Bayer AG, Division CropScience, Alfred-Nobel-Str 50, Monheim 40789, Germany.
Chem Res Toxicol. 2024 Oct 21;37(10):1698-1711. doi: 10.1021/acs.chemrestox.4c00248. Epub 2024 Sep 20.
Inhibition of thyroid peroxidase (TPO) is a known molecular initiating event for thyroid hormone dysregulation and thyroid toxicity. Consequently, TPO is a critical off-target for the design of safer agrochemicals. To date, fewer than 500 structurally characterized TPO inhibitors are known, and the most comprehensive result set generated under identical conditions encompasses approximately 1000 compounds from a subset of the ToxCast compound collection. Here we describe a collaboration between wet lab and data scientists combining a large in vitro screen and the subsequent development of an in silico model for predicting TPO inhibition. The screen encompassed more than 100,000 diverse drug-like agrochemical compounds and yielded more than 6000 structurally novel TPO inhibitors. On this foundation, we applied different machine learning techniques and compared their performance. We discuss use cases for in silico TPO models in agrochemical research and explain that model recall is of particular importance when selecting compounds from large virtual compound collections. Furthermore, we show that due to the higher structural diversity of our training data, our final model allowed better generalization than models trained on the ToxCast data set. We now have a tool to predict TPO inhibition even for molecules that are only available virtually, such as hits from virtual screenings, or compounds under consideration for inclusion in our screening collection. Structures and activity data for 34,524 compounds are provided. This data set includes almost all inhibitors, including more than 3000 proprietary structures, and a large proportion of the inactives.

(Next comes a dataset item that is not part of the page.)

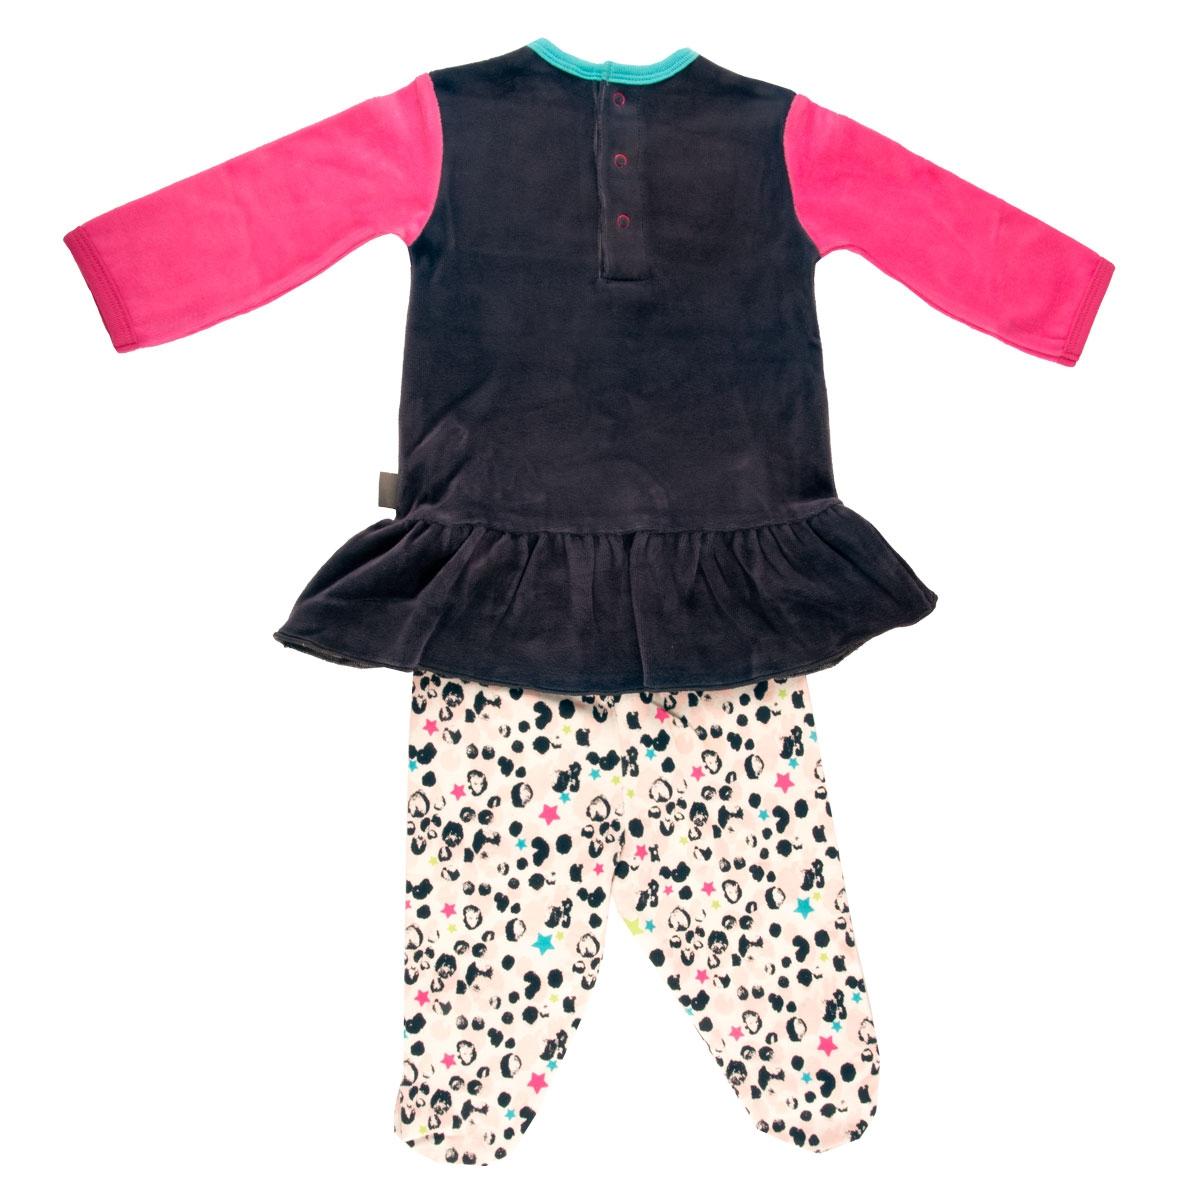 ee6a03d313aab Pyjama bébé 2 pièces avec pieds Wish - PETIT BEGUIN
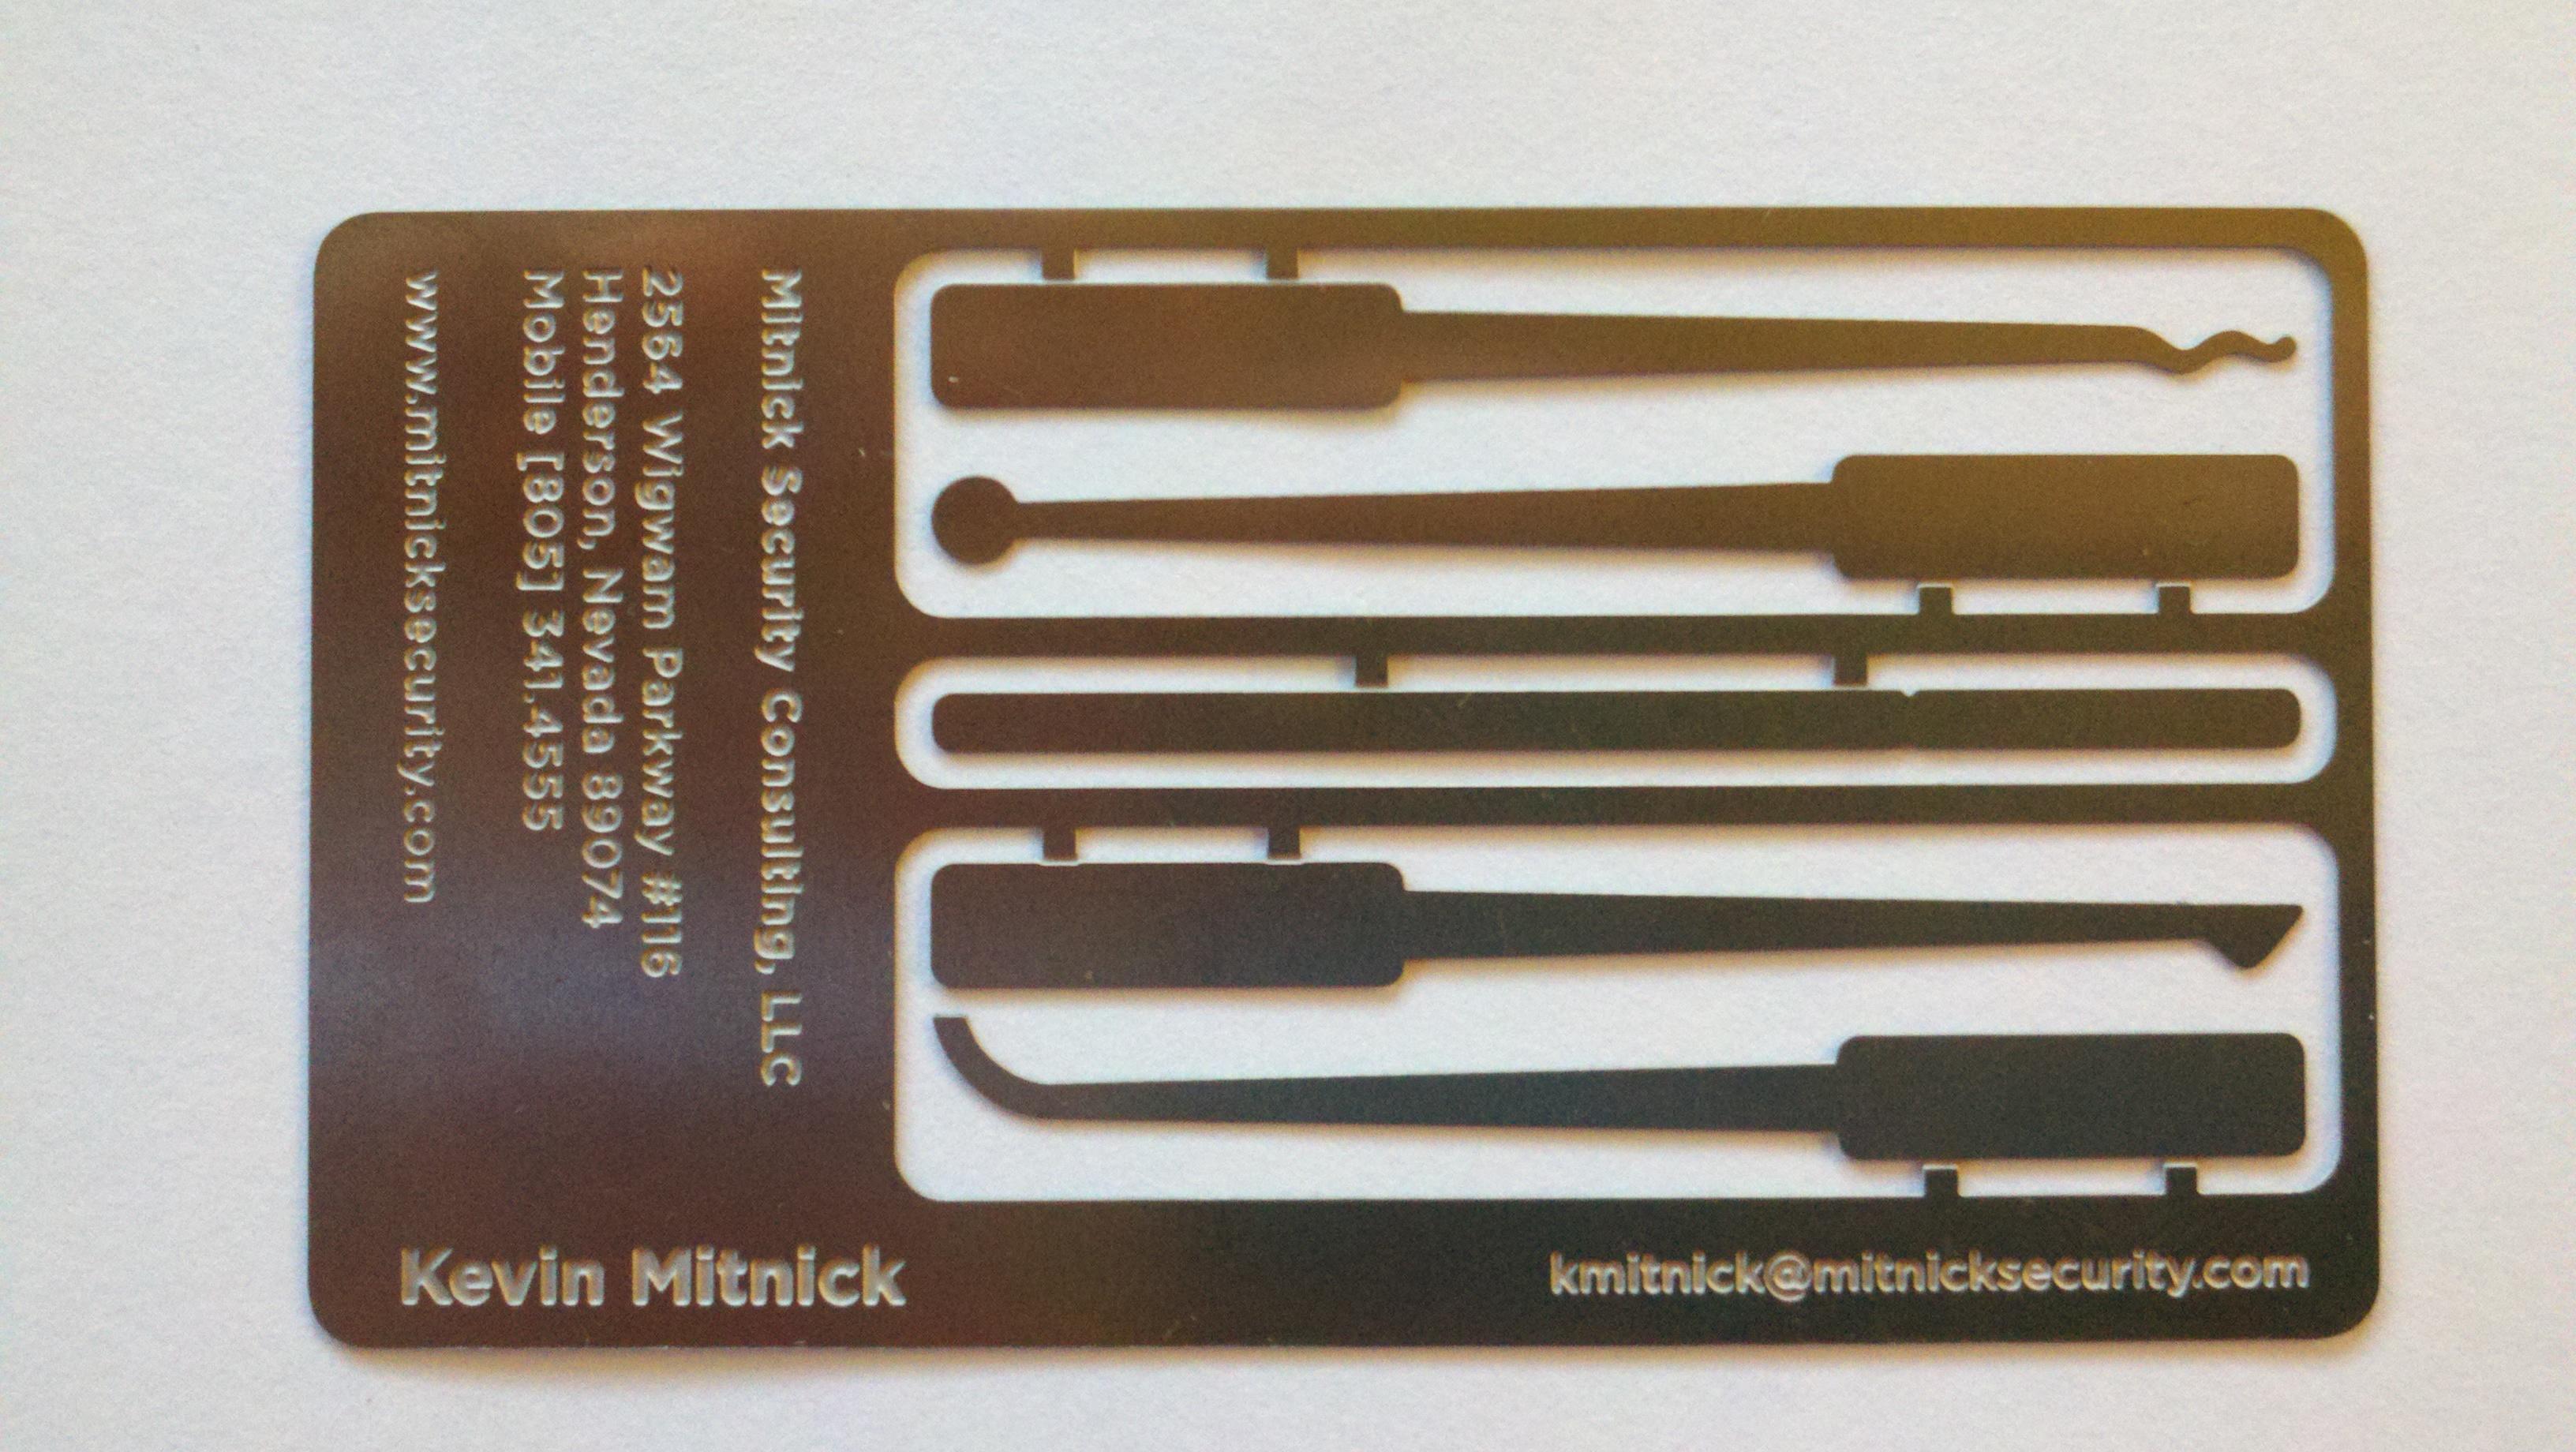 Kevin Mitnick has a business card lock-picking set : lockpicking

甲状腺过氧化物酶(TPO)的抑制是甲状腺激素失调和甲状腺毒性的已知分子起始事件。因此,TPO 是设计更安全的农用化学品的关键非靶标。迄今为止,已知的 TPO 抑制剂结构不到 500 种,在相同条件下生成的最全面的结果集包括来自 ToxCast 化合物集合的约 1000 种化合物。在这里,我们描述了湿实验室和数据科学家之间的合作,该合作结合了大规模的体外筛选和随后开发的用于预测 TPO 抑制的计算模型。该筛选涵盖了超过 10 万种不同的类药物农用化学品化合物,产生了超过 6000 种结构新颖的 TPO 抑制剂。在此基础上,我们应用了不同的机器学习技术并比较了它们的性能。我们讨论了在农用化学品研究中使用计算 TPO 模型的用例,并解释了当从大型虚拟化合物库中选择化合物时,模型召回尤其重要。此外,我们表明,由于我们的训练数据具有更高的结构多样性,我们的最终模型比基于 ToxCast 数据集训练的模型具有更好的泛化能力。我们现在有了一种工具,可以预测 TPO 抑制,即使对于仅在虚拟环境中可用的分子,例如虚拟筛选的命中化合物,或考虑包含在我们筛选库中的化合物。提供了 34524 种化合物的结构和活性数据。该数据集几乎包含所有抑制剂,包括 3000 多种专有结构,以及很大比例的非活性化合物。